Autoresearch: When AI Agents Become Overnight Scientists
Table of Contents
Seven hundred experiments. Two days. Zero human intervention. That’s Andrej Karpathy’s pitch for autoresearch, a 630-line Python script that turns a coding agent into an overnight lab technician, grinding through hypothesis after hypothesis while you sleep1. Shopify’s CEO ran the same pattern against a 20-year-old template engine and walked away with a 53% performance gain2. Hyperspace distributed the loop across 35 agents and watched them independently rediscover RMSNorm3.

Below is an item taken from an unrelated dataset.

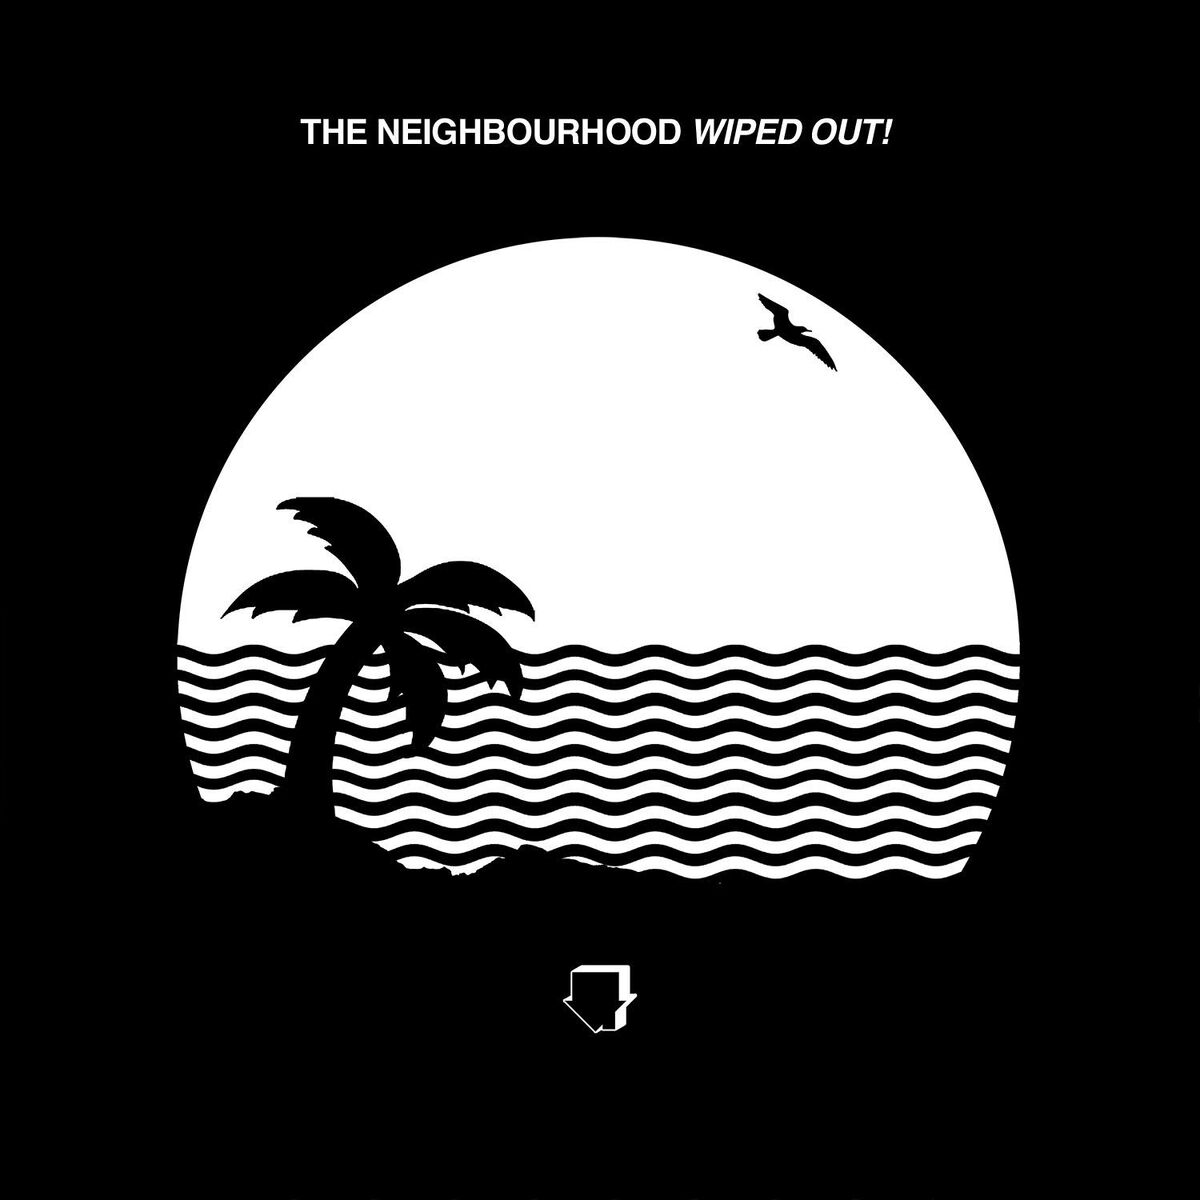 The Neighbourhood - Sweater Weather (Original/First video)

The framing is seductive: set the agent loose before bed, wake up to a better model. But the number nobody’s quoting is the one that matters most. Of Karpathy’s 700 experiments, 20 produced genuine improvements. That’s a 2.8% hit rate. The other 97% were dead ends, regressions, or noise. Autoresearch clearly works. The real question is what it actually is, what it can’t do, and whether “overnight scientist” is the right job title or “overnight lab tech” is more honest.

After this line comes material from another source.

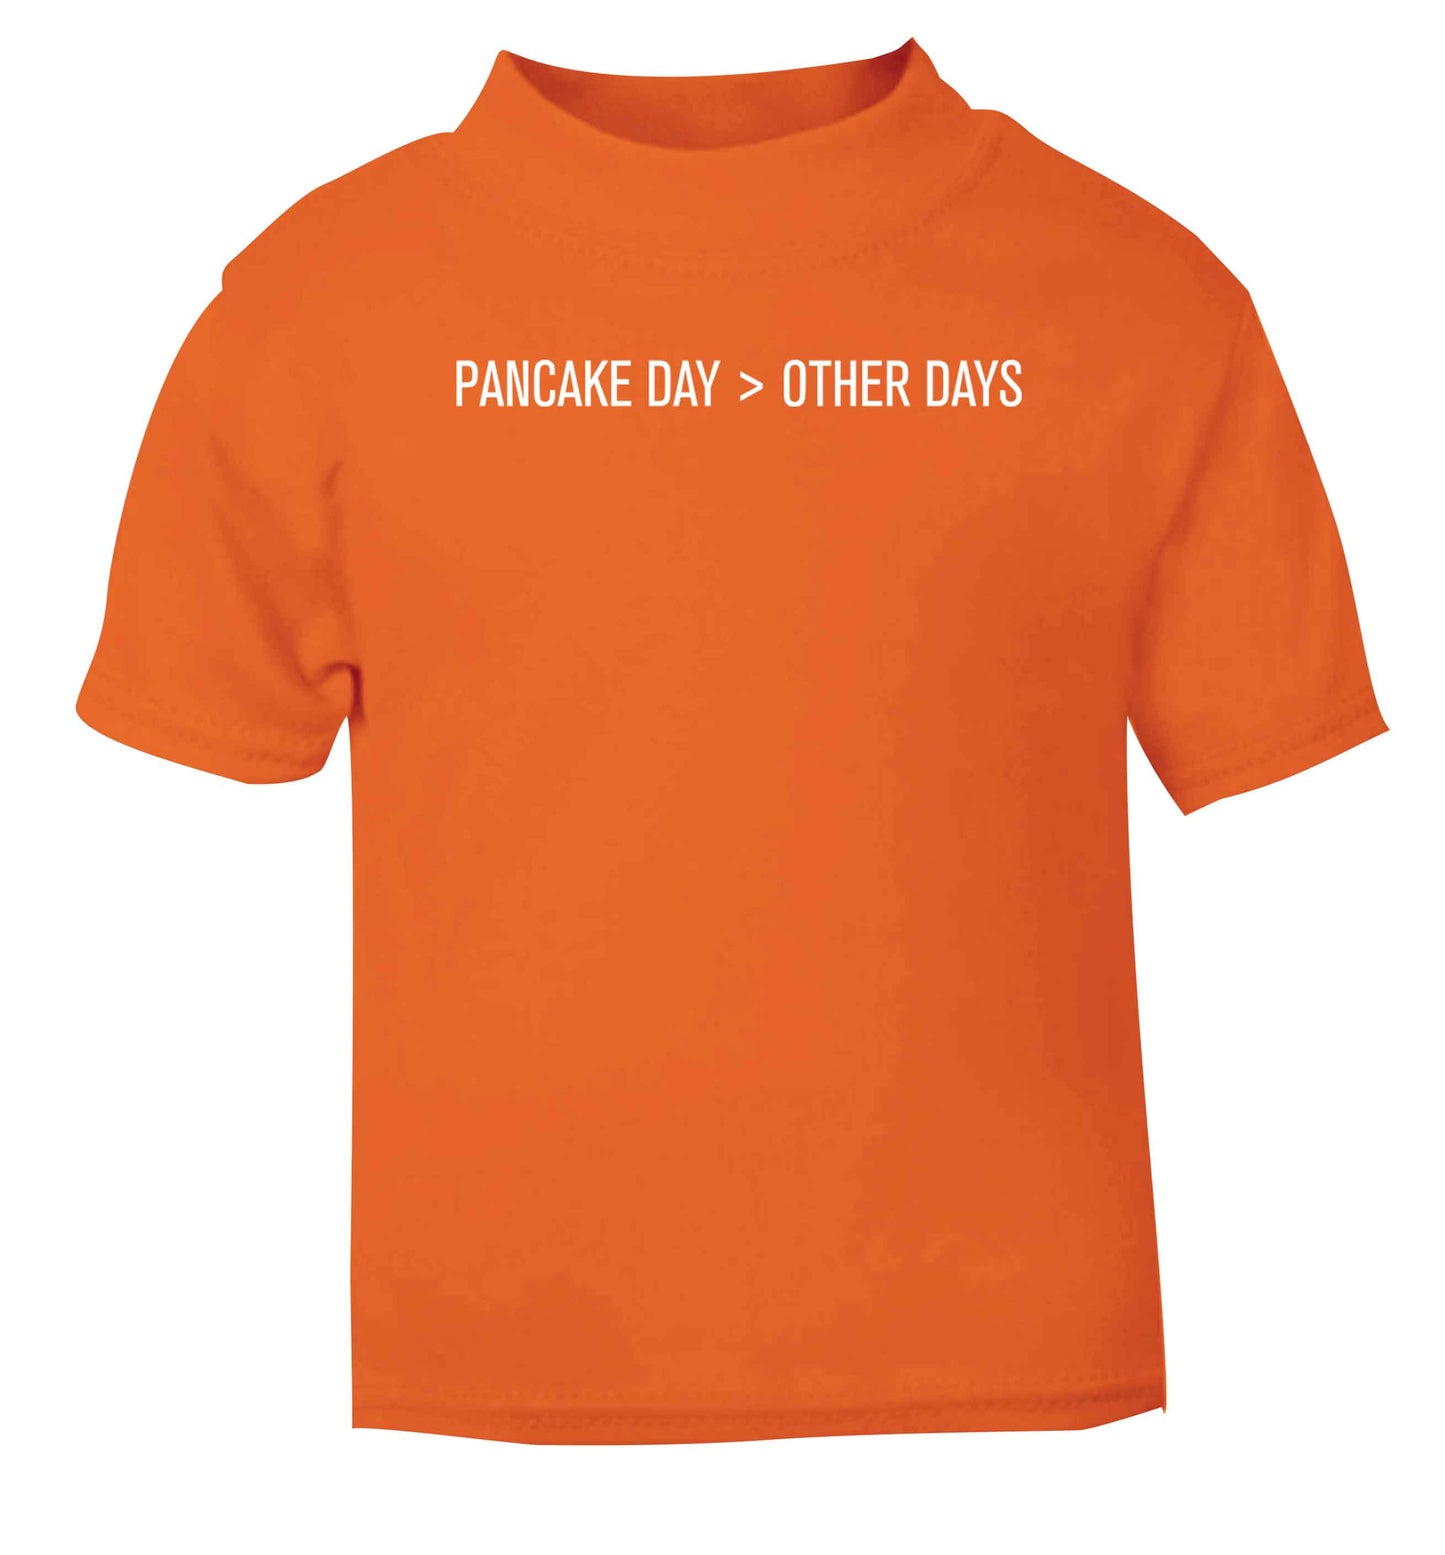 Pancake day > other days orange baby toddler Tshirt 2 Years

I wanted to pull the loop apart, understand the architecture that makes it safe, and test where the pattern breaks.
Hypothesis
If an autonomous coding agent operating under fixed constraints (single mutable file, immutable evaluator, time-bounded experiments) can produce meaningful optimizations across both ML training and general codebase performance, then the pattern’s effectiveness depends primarily on evaluation infrastructure quality (not agent sophistication) and the improvement ceiling will be bounded by the agent’s inability to redefine success criteria or explore outside its search space.
Setup
Autoresearch’s architecture is deliberately minimal: three files, strict separation of concerns, and a trust boundary that prevents the agent from moving the goalposts.
# Clone the repository
git clone https://github.com/karpathy/autoresearch.git
cd autoresearch
# Dependencies (Python 3.10+, single NVIDIA GPU)
pip install torch # PyTorch
pip install uv # UV package manager
# The three-file architecture:
# prepare.py — IMMUTABLE: data prep, evaluation logic, evaluate_bpb()

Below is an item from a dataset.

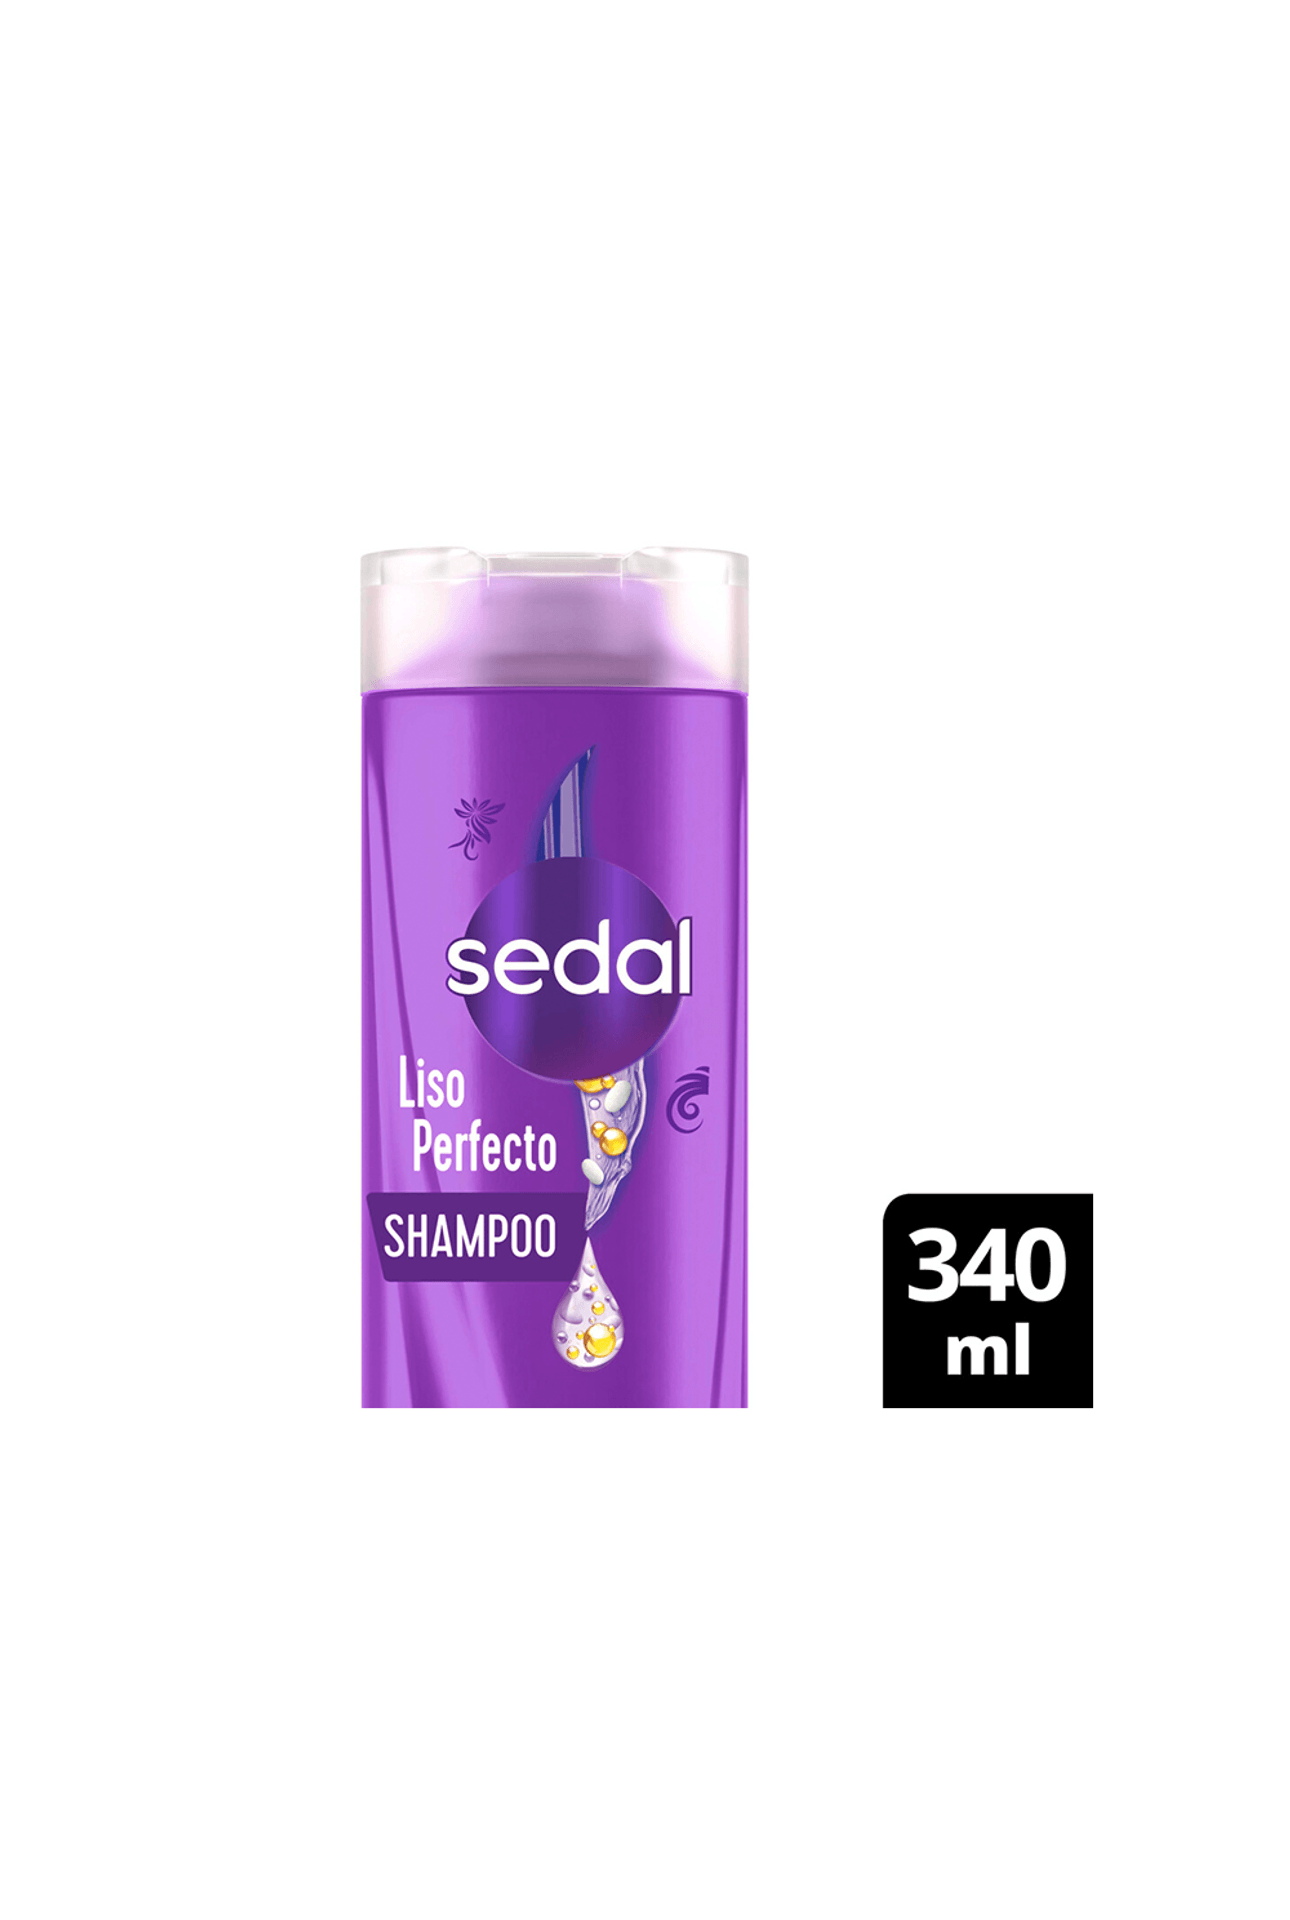 Sedal-Shampoo-Sedal-Liso-Perfecto-x-340ml-7791293045757_img1

# train.py — MUTABLE: the only file the agent can edit
# program.md — HUMAN-WRITTEN: agent behavior instructions
The three files matter. prepare.py is the trust boundary. It contains the evaluation function (evaluate_bpb, validation bits-per-byte) and the data pipeline. The agent is explicitly forbidden from touching it. train.py is the genome, the sole file the agent can modify, containing the model definition, optimizer configuration (Muon + AdamW), and training loop. program.md is the specification: human-written Markdown that defines what the agent should optimize and how it should behave, including the directive to “NEVER STOP” waiting for confirmation4.
Hardware: Results reported on NVIDIA H100. The 5-minute wall-clock budget means “5 minutes on H100” produces fundamentally different results than “5 minutes on an RTX 4090.” Community forks exist for MacOS, Windows/RTX, and AMD GPUs, but cross-platform comparisons are meaningless5.
Agent: Karpathy used Claude as the coding agent. He explicitly noted that Codex “doesn’t work” because it ignores the instruction to never stop, revealing that agent obedience is implementation-dependent, not guaranteed1.
Procedure
Step 1: Understand the Agent Loop
The core loop is deceptively simple:
# Pseudocode for the autoresearch agent loop
while True:
context = read("program.md") # What am I optimizing?
hypothesis = agent.propose(context) # What should I try?
modify("train.py", hypothesis) # Edit the training code
result = run_training(timeout=300) # 5-minute wall-clock budget
metric = evaluate_bpb(result) # Fixed evaluator in prepare.py
if metric < best_metric:
git_commit(f"Improvement: {metric}") # Keep the change
best_metric = metric
else:
git_reset() # Discard and try again
Each cycle takes roughly 5 minutes of training plus overhead for agent reasoning and code modification. That yields approximately 12 experiments per hour, or around 100 experiments per sleep cycle. Git-based memory means the agent can review its own commit history to inform future hypotheses.
Step 2: Trace Karpathy’s Results
Over two continuous days, the agent executed 700 experiments6. The results tell two stories.
The success story: 20 genuine optimizations survived the keep/discard filter. These included missing regularization, suboptimal attention window sizing, and suboptimal AdamW parameters. Applied to a larger model (depth-12 to depth-24), the improvements transferred and produced an 11% training speedup.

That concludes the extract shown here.